In the book it is categorized as “Lesson Nine: Right Tribe,” and Mr. Buettner considers it “the most powerful thing you can do to change your lifestyle.” Social connectedness is ingrained in all longevity cultures in many forms, whether it is a specifically organized club, simply daily coffee klatsches with friends, or a community festival—it is the power of a social, face-to-face, person-to-person network. Meaningful, supportive connections.
Cited in the book is a study by Professor Lisa Berkman of Harvard University who investigates social connectedness and longevity. Over a nine-year period, she looked at the impact of marital status, ties with friends and relatives, club memberships, and the level of volunteerism. She concluded those with higher social connections lived longer; in fact, those people with the least connections were between two and three times more likely to die during the study period. Simply put, maintaining strong support systems that foster basic human needs such as helpfulness and emotional intimacy, leads to greater longevity.
Salad Dressing in a Snap
When making a salad for either myself or a group, I use the salad bowl to make the dressing. I never, ever use bottled dressing. Ever. For a variety of reasons, not the least of which are all the faux food additives, sugars, and chemical preservatives in most store-bought varieties, but I also started to notice the first or second ingredient is usually water. Water! I’ve never seen water as an ingredient in a good vinaigrette recipe. If these aren’t reasons enough, a processed salad dressing never tastes as good as homemade.
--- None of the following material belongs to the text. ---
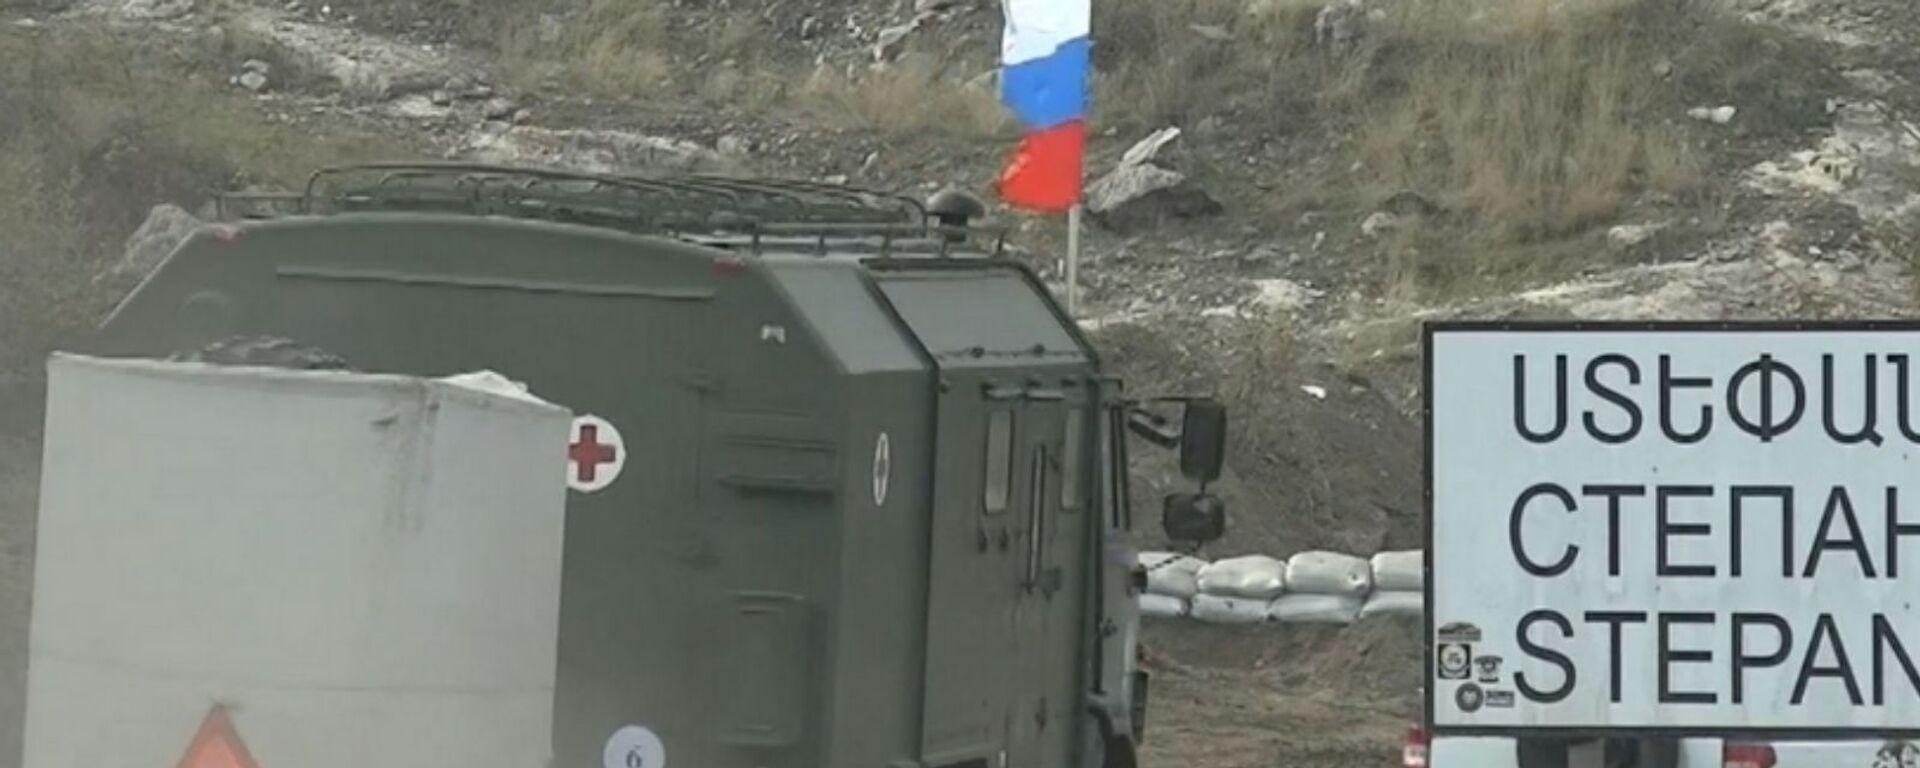 Первые подразделения медицинского отряда специального назначения прибыли в Степанакерт для оказания помощи местному населению (29 ноября 2020). Карабах - Sputnik Грузия, 1920, 19.07.2021

I learned this little pearl eons ago from the owner of a small restaurant in Pietrasanta, Italy on the picturesque coastal region of Versilia.
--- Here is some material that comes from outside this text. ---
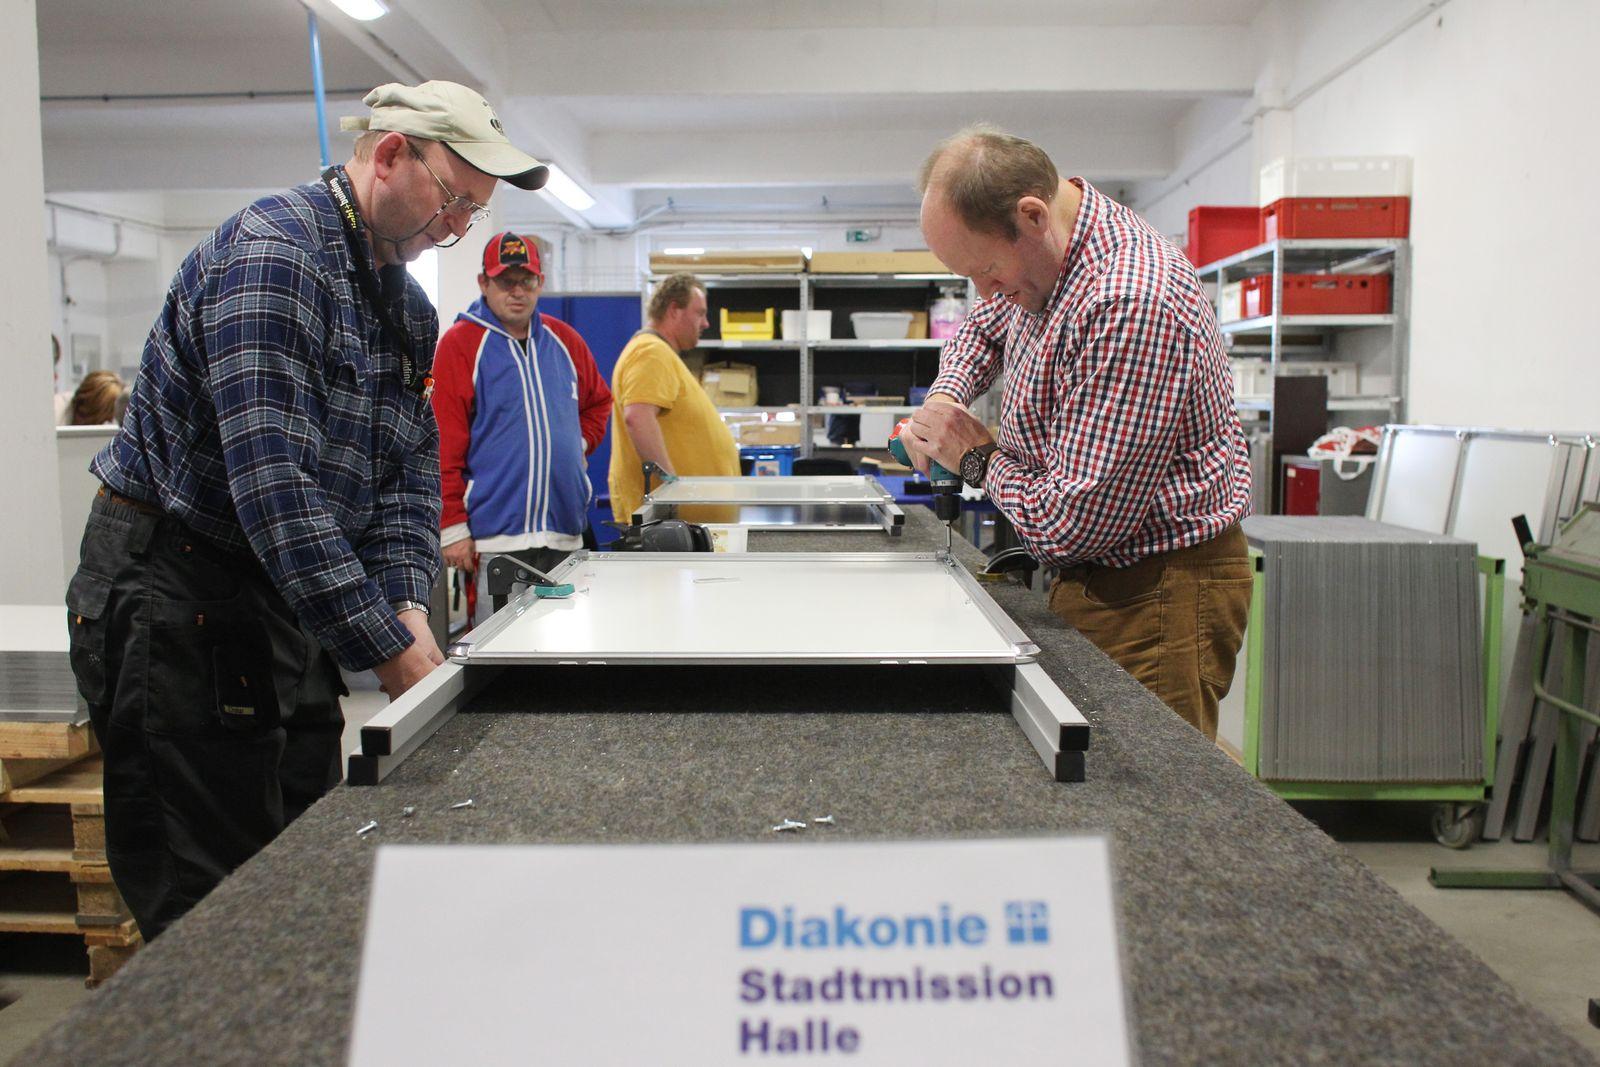 Behindertenwerkstatt / Diakonie Mitteldeutschland

We ordered an Insalata Mista (simple green salad) as a starter and she brought a beautiful bowl to the table, sprinkled salt and pepper in the bottom and poured in about a tablespoon of vinegar. (By the way—pearl 1.1—this allows the salt to dissolve.) Then she whisked in approximately 2-3 tablespoons of extra-virgin olive oil and placed the fresh greens on top of the dressing, gave them a thorough tossing and that was that. Could not be easier! Depending on the salad, I sometimes mix in a spoonful of dijon mustard with the vinegar or sprinkle dried herbs (I use an Italian blend for pizza night salad) in with the salt and pepper. It takes so little time and I have fresh dressing for those simple, high-fiber salads we all should be eating, without the cleanup of an extra dish.
By the way, I don’t do any paid sponsorships and I only recommend books or products that I use and believe in.